At the moment, all eyes in the gambling industry are on New Jersey, where a panel of federal judges on Wednesday will hear arguments to allow the legalization of sports betting in the state.
The State of New Jersey is fighting in the U.S. 3rd Circuit Court of Appeals to legalize wagers at casinos and racetracks there, hoping to give a boost to the struggling horse racing industry and casino-centric Atlantic City.
The NCAA and four sports leagues — the NFL, NBA, MLB and NHL — are challenging the state, saying that legalization would damage the integrity of their brands and violate federal law.
On Wednesday, 12 judges will listen to arguments from both sides; at least seven must side with the state of New Jersey in order for the state’s challenge to be successful. It could be months before a decision is released.
“There’s an awareness among folks that whatever the purpose of the current law, it’s not really working today,” said Joseph Asher, the CEO of William Hill US, Nevada’s largest sports book operator.
He said it might take more than just lobbying pressure to move Capitol Hill toward action.

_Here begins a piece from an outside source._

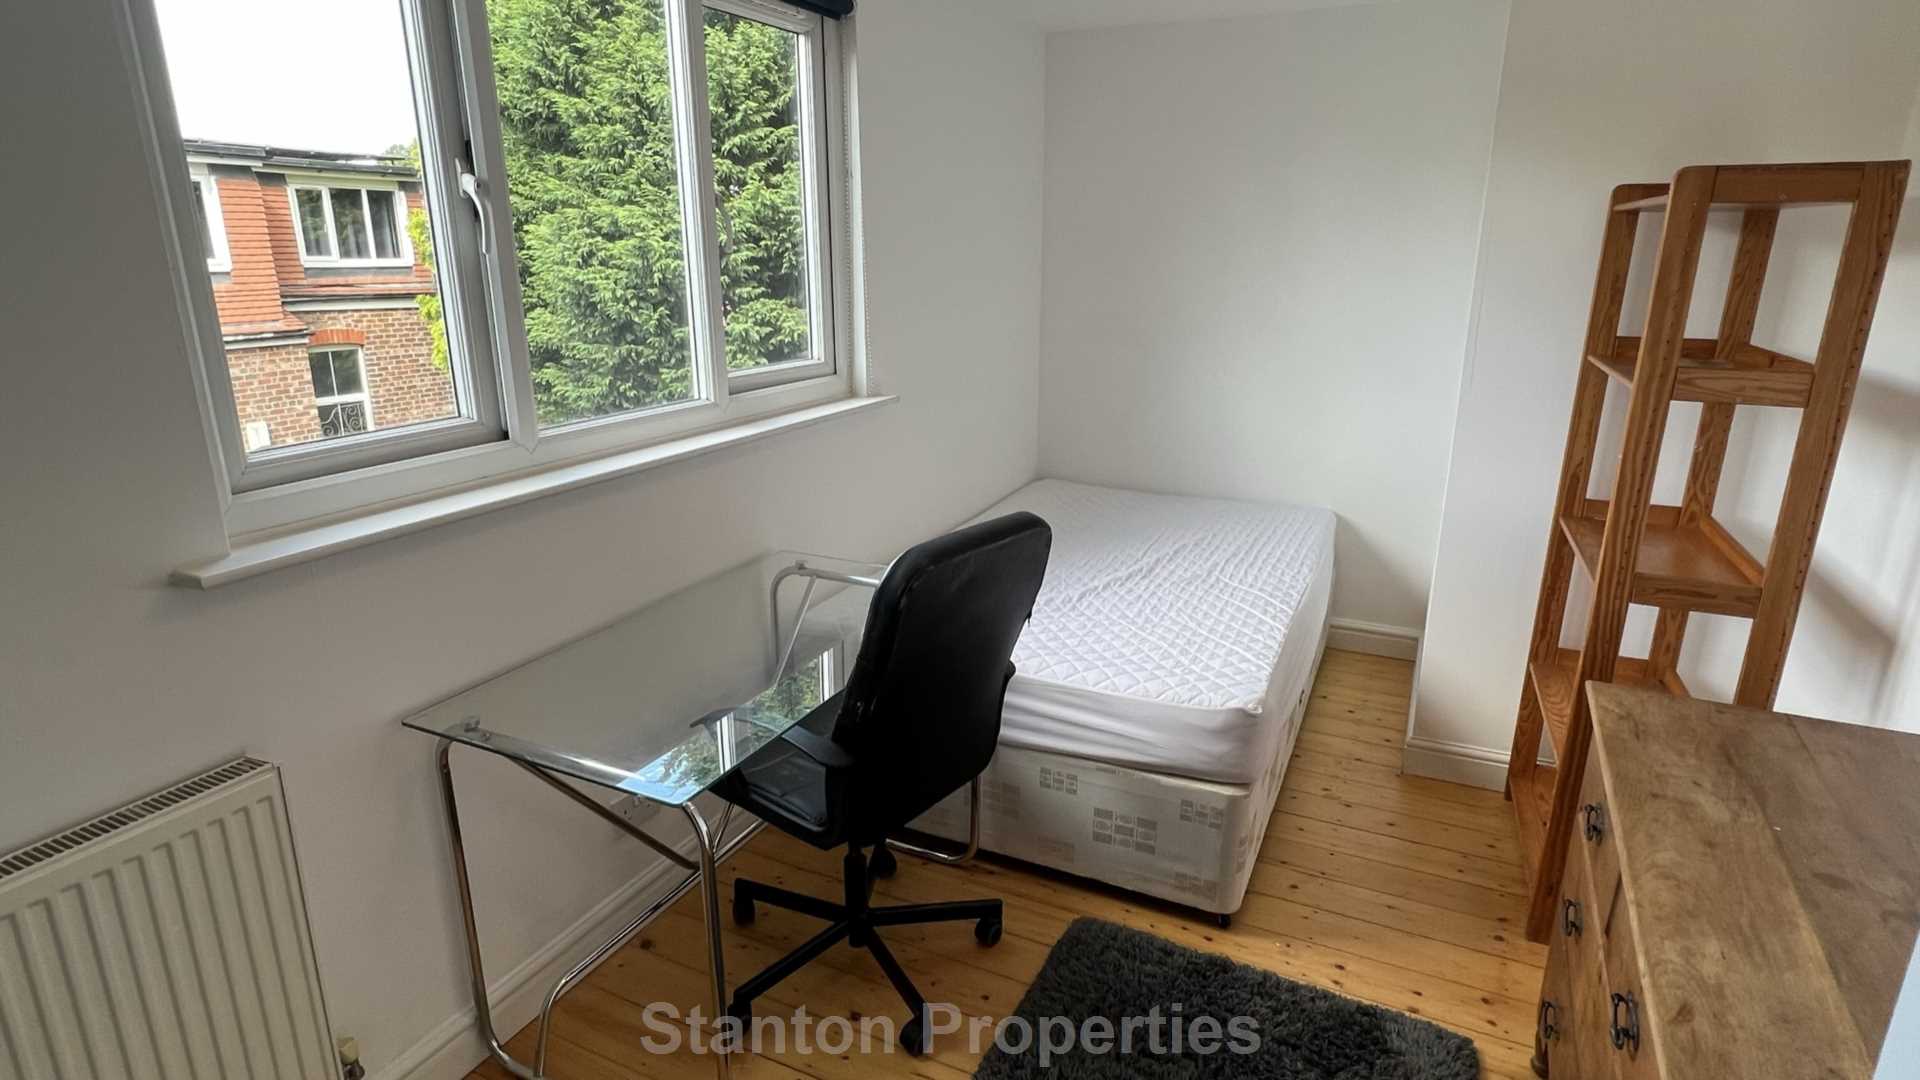 £145 pppw, Linden Grove, Fallowfield, Image 10

“People are generally realistic; there are a lot of issues going on that are all seeking the attention of Congress,” he told The Hill. “Perhaps it takes a court ruling, either in the 3rd Circuit or elsewhere, that may create the impetus to move the issue forward.”
In the meantime, the Pennsylvania legislature — another state covered by the 3rd Circuit — is moving to pass a symbolic resolution that condemns the 1992 law.
“Even amid strong Federal laws banning sports betting in the United States, reports highlight that illegal sports betting is widespread and is considered the number one form of gambling among American residents,” the resolution reads.
Pennsylvania’s House Gaming Oversight Committee approved the measure last week, and it is now heading to the House floor.
Even sports leagues, which are deeply involved in the New Jersey lawsuit and have a history of opposing sports betting, appear to be coming around.
While the NFL still contains strong language in its league policy that declares it “opposes all forms of illegal gambling, as well as legal betting on NFL games or other professional, college or Olympic sports,” there have been some mixed signals. Its teams, for example, play games in London, where the practice of sports betting is legal.
On the other end of the spectrum, NBA Commissioner Adam Silver has been speaking out in favor of legalization of both daily fantasy and traditional sports betting.
“One of the reasons I’ve been pushing to legalize sports betting is not because that I’m necessarily an advocate of sports betting, it’s because all the research shows that it’s a multihundred-billion dollar business just in the United States right now,” Silver said in a FiveThirtyEight podcast last year. “In terms of the integrity of the sports leagues, it’s only bad news for us when it continues to remain underground.”
Many leagues have also signed deals with daily fantasy companies, data providers and oddsmakers, according to an ESPN report.
Freeman is also busy behind the scenes trying to gather a broad coalition of groups who could support or eventually benefit from the legalization of sports betting — including law enforcement, broadcasters, lotteries, convenience stores and even the Humane Society of the United States, which remains concerned about bets on animal fighting.
The National Association of Broadcasters and the National Association of Convenience Stores each told The Hill that they were not working on the sports betting issue, however.
Freedman says he wants to “streamline how Washington looks at the issue.”
“We’ve all seen these debates where Washington is inclined to do something, but because the interested parties can’t get on the same page, it gives Congress a way out,” he said. “We’re going to work to avoid that.”